"Estamos na hora de construir alguma
coisa mais sólida, não é partido, não é entidade, é um movimento. O que
de melhor fizemos foram as Diretas Já. Mas agora precisamos criar um
movimento para restabelecer a democracia neste país", disse o
ex-presidente Lula ontem ao visitar a escola do MST invadida pela
polícia. O desafio está mesmo colocado pela realidade, restando saber
se o conjunto da esquerda será capaz desta unidade. E, mais ainda, se
terá abertura para incorporar nesta frente não apenas partidos e
movimentos de esquerda, mas também de centro-esquerda, em nome da
plenitude democrática arranhada e da restauração do estado social que
vem sendo desmontando.
Se a frente pelas diretas-já
em 1984 foi o melhor exemplo do que foi feito em matéria de unidade,
vale recordar que ela foi de centro-esquerda, indo do PMDB ao PT, quando
ainda inexistiam partidos que nasceram de dissidências petistas, como
Rede, PSOL e PSTU. E também que o objetivo, naquele momento da
transição, no ocaso da ditadura, era programático e não eleitoral. O
que se buscava era aprovar o restabelecimento das eleições presidenciais
diretas, encurtando a "distensão controlada", e não a vitória numa
eleição.
Lula tem clareza quanto a
isso quando diz que o objetivo deve ser "restabelecer a democracia neste
pais". Se a frente começar a ser tentada com vistas a 2018, não haverá
unidade. O PT ou setores do partido irão insistir na candidatura de
Lula, se ele puder ser candidato, o PDT já diz que a candidatura de Ciro
é inegociável, e os outros poderão não apoiar nem uma nem outra. Logo, a
frente de esquerda é urgente mas não pode ser eleitoral, devendo se
concentrar no combate às medidas que ameaçam a plenitude democrática e o
estado de bem estar social, como a PEC 55. Neste sentido, a oposição no
Senado já se exercita como frente quando atua em conjunto para tentar
atenuar os danos da PEC. E nesta unidade, entram o senador peemedebista
Roberto Requião, os petistas e os senadores da Rede e do PSOL, e também
do PSB.
Alguém dirá que a frente deve
ser apenas de partidos de esquerda porque todo o resto já foi cooptado
pelo bloco PSDB-Temer. Não é verdade. Assim como Requião, há no PMDB, no
PSB ou em outros partidos, e também na sociedade, atores, individuais
ou coletivos, com ou sem vinculação partidária, interessados em conter o
avanço do conservantismo político e econômico.
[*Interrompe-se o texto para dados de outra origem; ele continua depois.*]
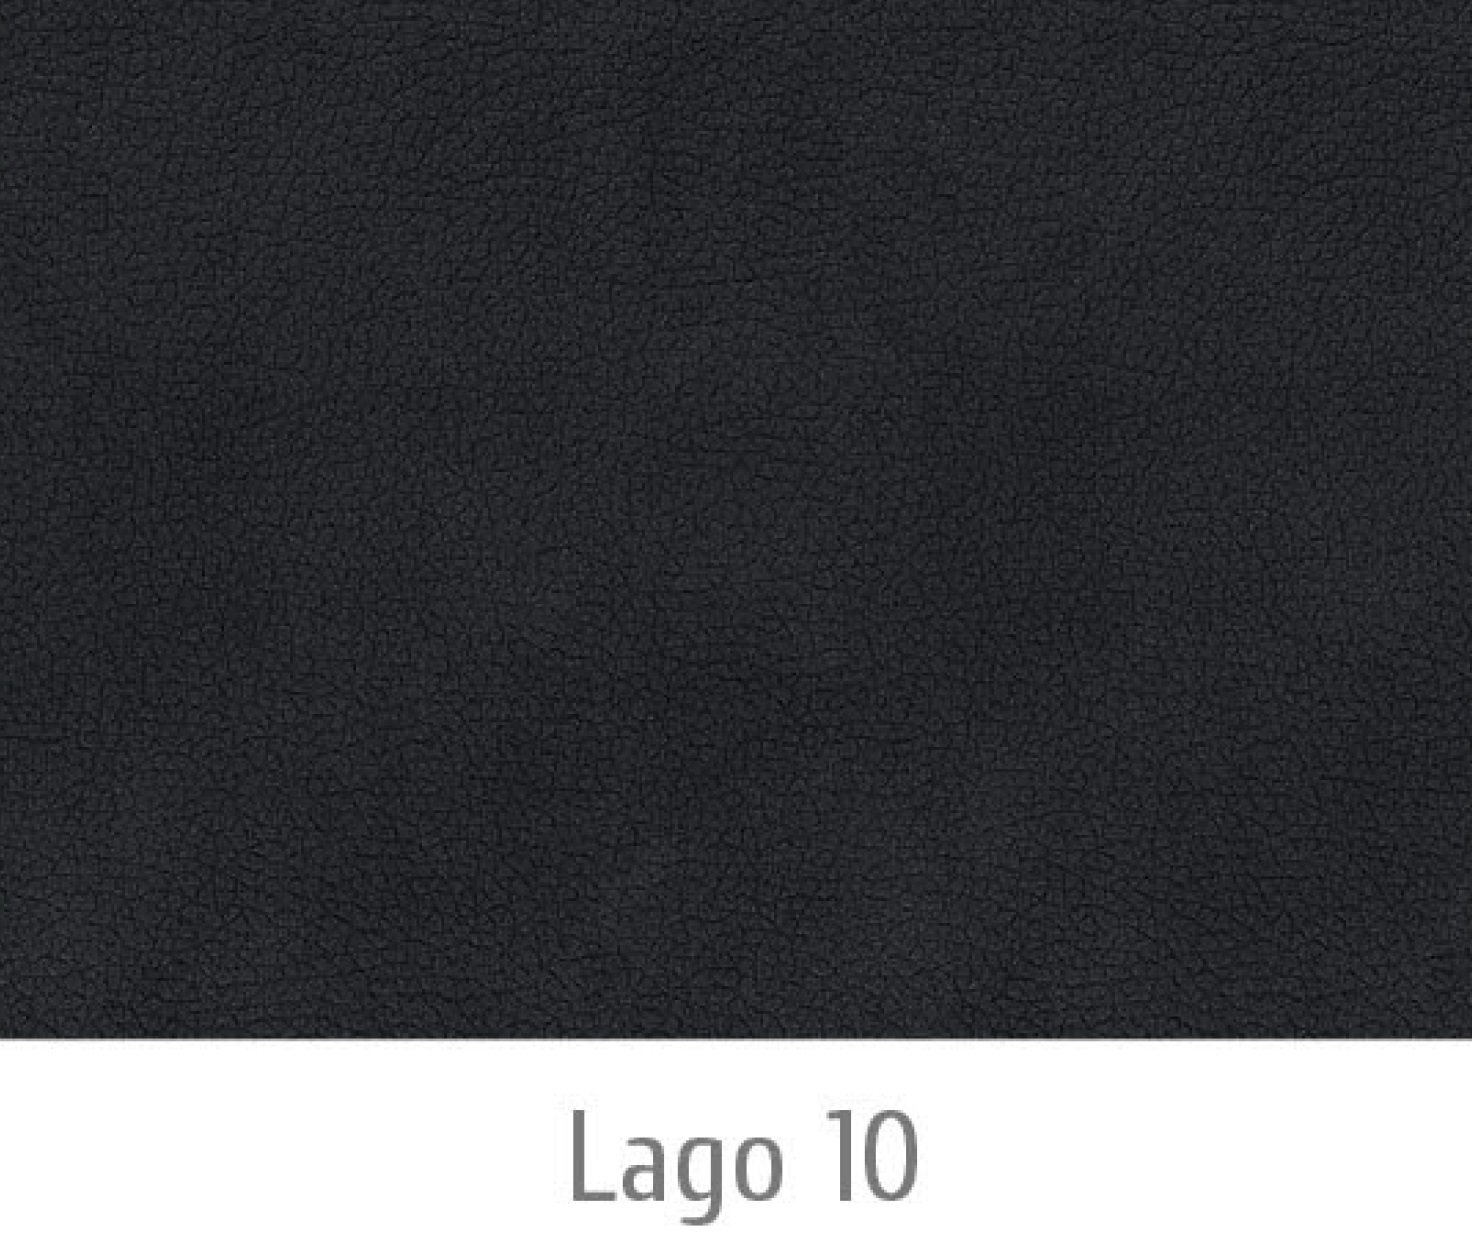 Lago10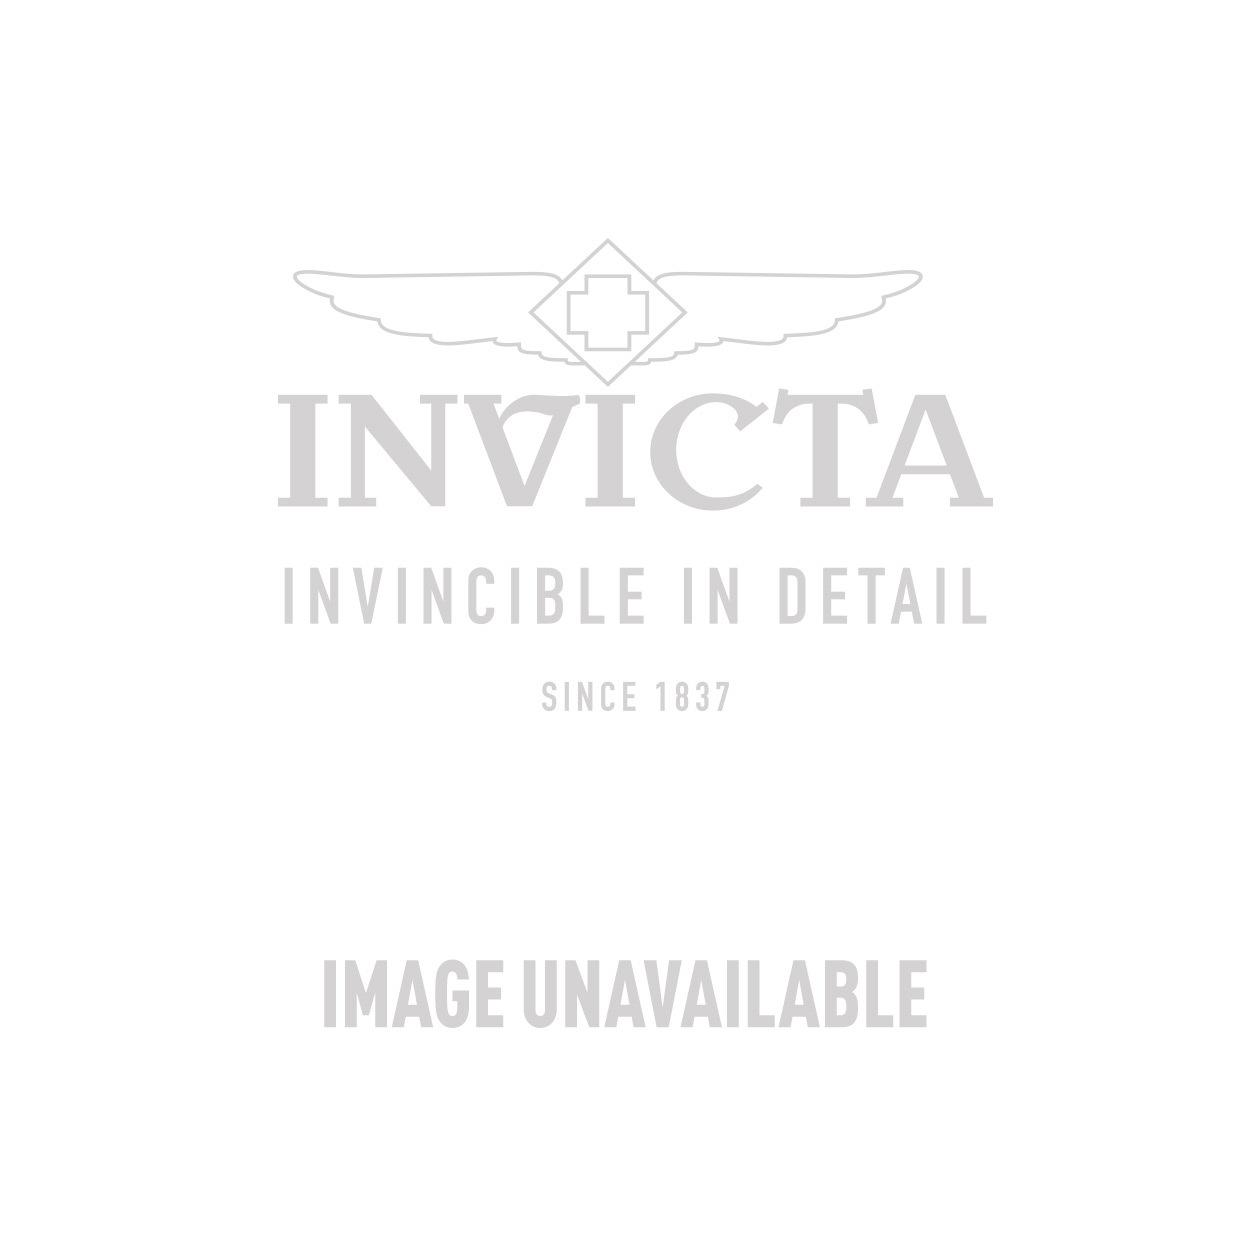 Invicta Model 27123

Outro erro será tentar copiar
modelos de outros países, como a Frente Ampla do Uruguai. Apesar do
nome, trata-se de um partido, e não de uma frente de partidos. Mas,
essencialmente, as realidades nacionais são distintas e a do Brasil é
muito peculiar, exigindo inventividade da esquerda local.
A situação é peculiar por
razões diversas. Primeiramente, porque a democracia está sob ameaça
embora formalmente as instituições democráticas estejam funcionando:
Congresso, Judiciário, imprensa livre (desde que seja a favor). Até
eleições municipais tivemos, e também peculiarmente verificou-se que o
eleitorado não compreendeu a dimensão das ameaças que estão em curso,
seja à democracia, seja aos interesses dos mais pobres, dos que
trabalham e dos que precisam do Estado. Tanto não compreendeu que deu
vitória significativa aos conservadores de todos os matizes, derrotando
fragorosamente não apenas o PT mas toda a esquerda.
Lula externou com clareza a
linha a seguir, dizendo que tem o couro duro, preocupando-se mais agora
com a criminalização dos movimentos sociais do que com sua própria
situação. "Precisamos de um diagnóstico preciso, juntar o máximo de
pessoas em torno desse diagnóstico, com propostas. O que nós vamos
propor para este país para os próximos 20, 30 anos? Qual proposta vamos
construir?”
As indagações estão aí, sendo
recolocadas todos os dias por mais um acontecimento diante do qual nos
perguntamos. “Como foi possível isso acontecer?”. E mais coisas
acontecem, fora da curva da normalidade democrática. O diagnóstico
também parece claro. Sem unidade, a restauração conservadora continuará
se impondo e a reversão será mais difícil. Resta mesmo saber se o
conjunto da esquerda está pronto para um momento que exige lucidez e
generosidade, em que os interesses imediatos, inclusive os eleitorais
para 2018, fiquem em segundo plano em nome de algum futuro. A começar
pelo PT, que não pode falar em frente se continuar pensando em ser a
força hegemônica ou em impor candidatura em 2018.